One of my favorite restaurants in NYC is Pietro’s.  I have been going there for years and always order the Chicken Pietro, which in my opinion is one of the best dishes in New York.  This is my version and not only does my family think it’s just as delicious as the restaurants, but the rosemary makes the kitchen smell so good!

Ingredients:

  • 8-10 organic chicken thighs, with or without bone in (skinless, or remove the skin yourself)
  • 2 -3 tsp. olive oil
  • 2 red onions cut into slivers
  • 16 oz sliced mushrooms
  • 1 tbsp. rosemary (fresh or dried), ground in a mortar and pestle 
  • salt and pepper to taste


Preparation:

  • Preheat oven to 350 degrees. 
  • Trim chicken thighs well, removing the skin and as much of the fat as you can.  Season both sides of thighs with salt and pepper. 
  • Heat a large frying pan, and add a little olive oil.  In order to keep the chicken from sticking to the pan you need to make sure it’s hot enough before you add the chicken. Test the heat level by flicking a few small drops of water into the pan and if it sizzles and vaporizes immediately your pan is ready for the chicken.  
  • Put chicken in frying pan and brown very well on both sides.  When you place the chicken in the pan do not touch it for a few minutes.  Just let it cook and once enough of the chicken has cooked it should turn easily without sticking.  
  • Once chicken is browned on both sides, remove from frying pan and place in a glass casserole dish and set aside.
  • In the same frying pan that you browned the chicken in, sauté the onions for 2-3 minutes.  Next, add the mushrooms and sauté for 5-7 minutes more.  Mix in the rosemary.
  • Put mushroom, onion and rosemary mixture on top of chicken pieces. 
  • Finally, roast in oven for 35-45 minutes.  
  • Serve hot with any juice from the dish spooned over the chicken and enjoy!

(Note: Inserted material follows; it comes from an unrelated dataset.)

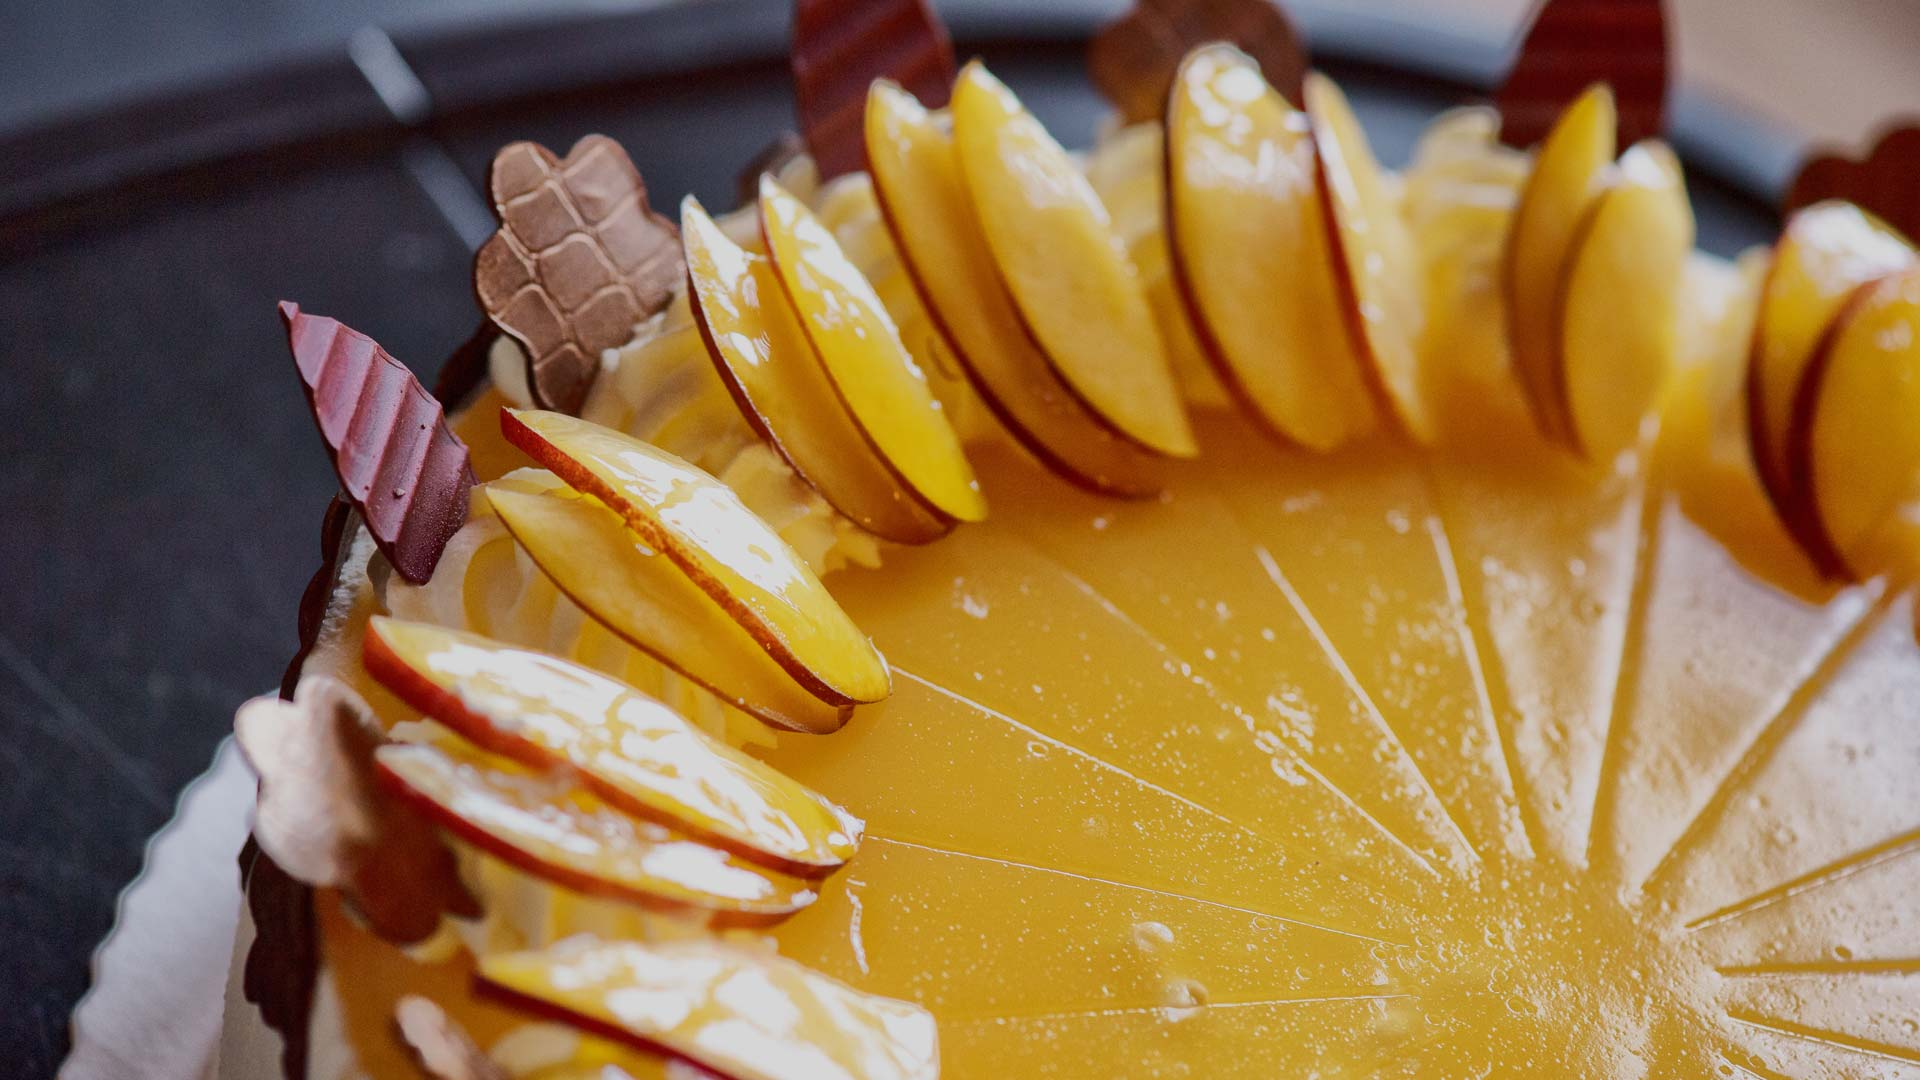 Kuchen- und Torten-Spezialitäten</br> nach handwerklicher Tradition.
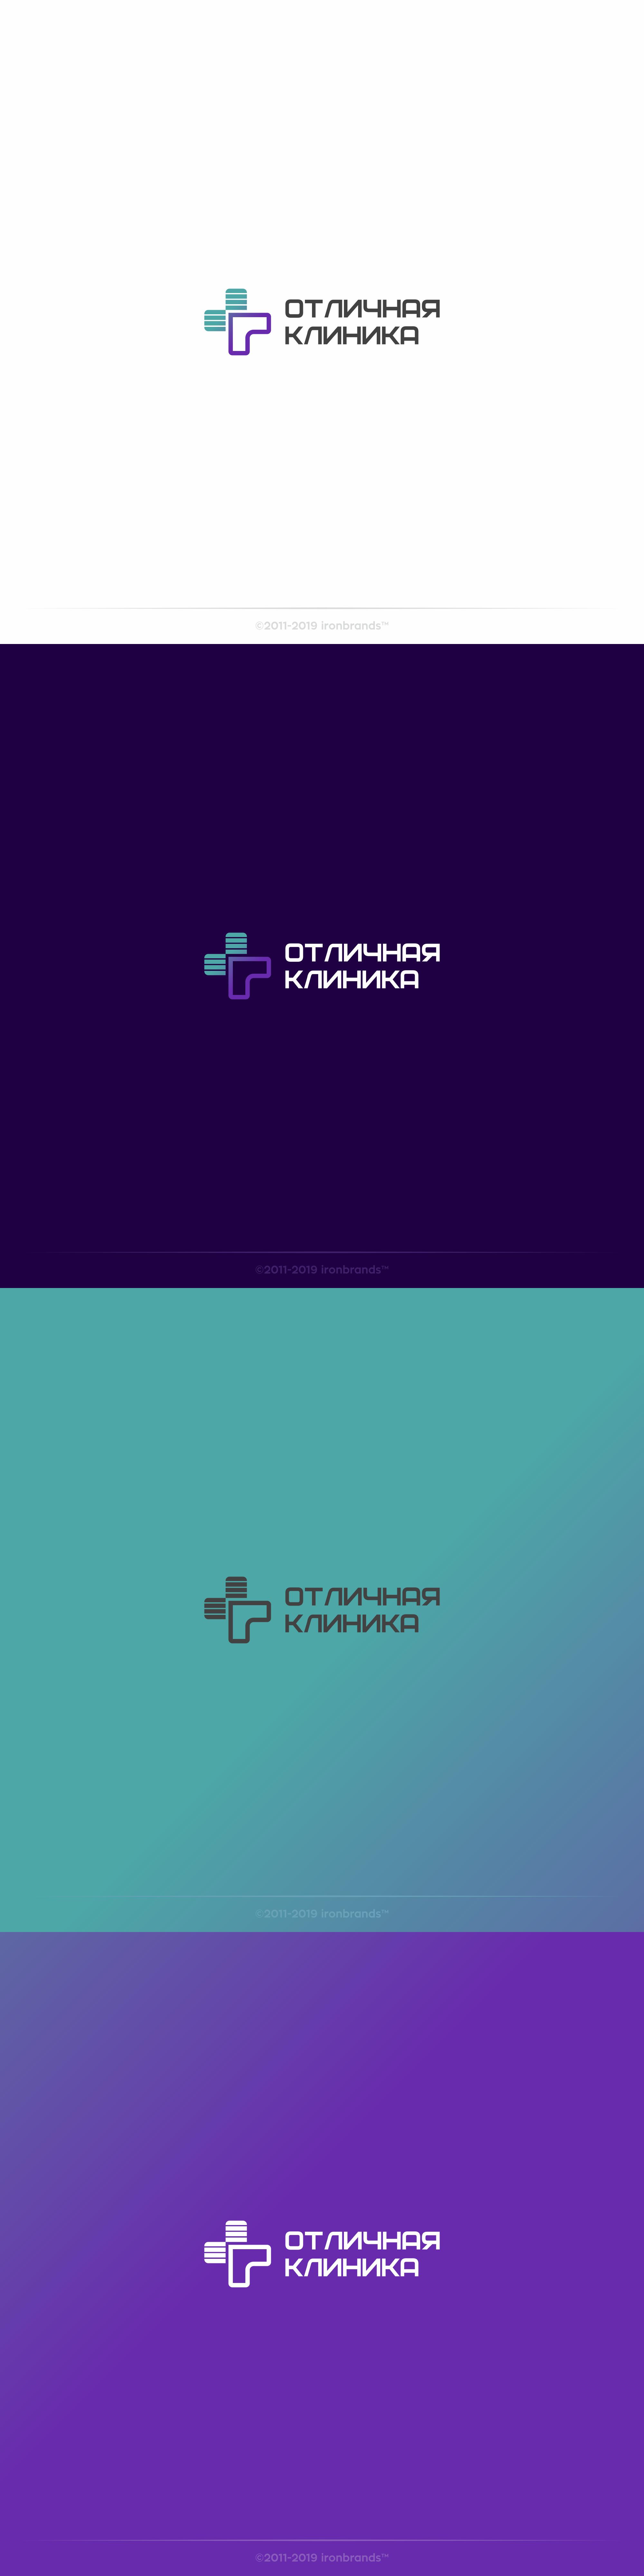 Логотип и фирменный стиль частной клиники фото f_6225c939d3e645c2.jpg

Roasted Veggie Buddha Bowl

Serves 4

This high fiber, protein-rich and ridiculously healthy veggie bowl is so yummy it will immediately become one of your favorite dishes! While I am always in the mood to eat a big bowl of roasted veggies with nuts, beans, sweet potato, avocado etc., I want the rest of my family to be as enthused, so I prepare everything, set it out on the counter and everyone makes their own bowl with whatever ingredients they want in it.  The verdict – they love it!  This is a picture and the recipe of my bowl, which is also perfect for a meatless Monday dish, but I also grilled a piece of chicken and salmon so my family could add those to their bowls as well.

Ingredients:

  • I Head of Cauliflower cut into small florets
  • 1 Sweet Potato sliced 
  • 1 can Chickpeas (Garbanzo beans); drained and rinsed
  • 1 cup Quinoa rinsed
  • 3 cups packed Kale
  • 2 cups Arugula
  • 1 Avocado
  • 2 tablespoons Coconut Oil
  • 2-4 tablespoons Extra Virgin Olive Oil
  • 1 Garlic Clove minced
  • 2 cups Vegetable Broth
  • Sea salt
  • Freshly ground Pepper
  • 1 teaspoon Garlic powder
  • 1 tsp. Cinnamon (optional)
  • Parsley for garnish
  • Salt and Pepper to taste
  • Black and white Sesame Seeds (optional)
  • Lemon wedges
  • Cashew Cream for drizzling 

Preparation:

  • Preheat oven to 400 degrees.

Chickpeas:

  • Spread drained and rinsed Chickpeas on a baking sheet in a single layer and dry them really well with a towel.  The drier they are, the better and crunchier they will turn out.  The key is to make sure they go into the oven without any water left on them. 
  • Drizzle or spray with Olive Oil, sprinkle with ½ -1 tsp. salt, ½ tsp. garlic powder and freshly ground pepper.  
  • Bake for about 45 minutes, shaking the pan every 15 minutes or so to make sure they don’t burn.
  • They should be golden brown and crunch on the inside when they’re done.

Veggies:

  • Melt Coconut Oil in small saucepan.
  • Coat Cauliflower and Sweet Potatoes with Coconut Oil, season with Salt and Pepper, sprinkle Sweet Potatoes with cinnamon and spread on baking sheet. 
  • Roast for about 30 minutes, checking and turning veggies on the baking sheet half way through until desired amount of browning and tenderness.  

Quinoa:

  • Rinse and drain the Quinoa.  Add rinsed Quinoa, 1 tsp. salt, ½ tsp. Garlic Powder and vegetable broth to a small saucepan and bring to boil over high heat.  Turn heat down to low, cover and simmer for approximately 15-20 minutes, until liquid is dissolved.  Let sit for a few minutes, fluff with a fork and set aside.

Kale and Arugula:

  • While Quinoa and the rest of the ingredients are roasting, preheat a large skillet with 2 tablespoons of Olive Oil.  Add Garlic and sauté for 1 min.  Add Kale and Arugula and cook for approx. 3-5 minutes until wilted.  Season with Salt and Pepper to taste.  Remove from heat and sprinkle with black and white sesame seeds.

Serving:

  • Assemble the bowl with a scoop of Quinoa, Cauliflower, Kale and Arugula mixture, Sweet potato slices, Chickpeas and ¼ Avocado.  
  • Add lemon wedges to squeeze over bowl.
  • Finally drizzle with Cashew Cream and enjoy! 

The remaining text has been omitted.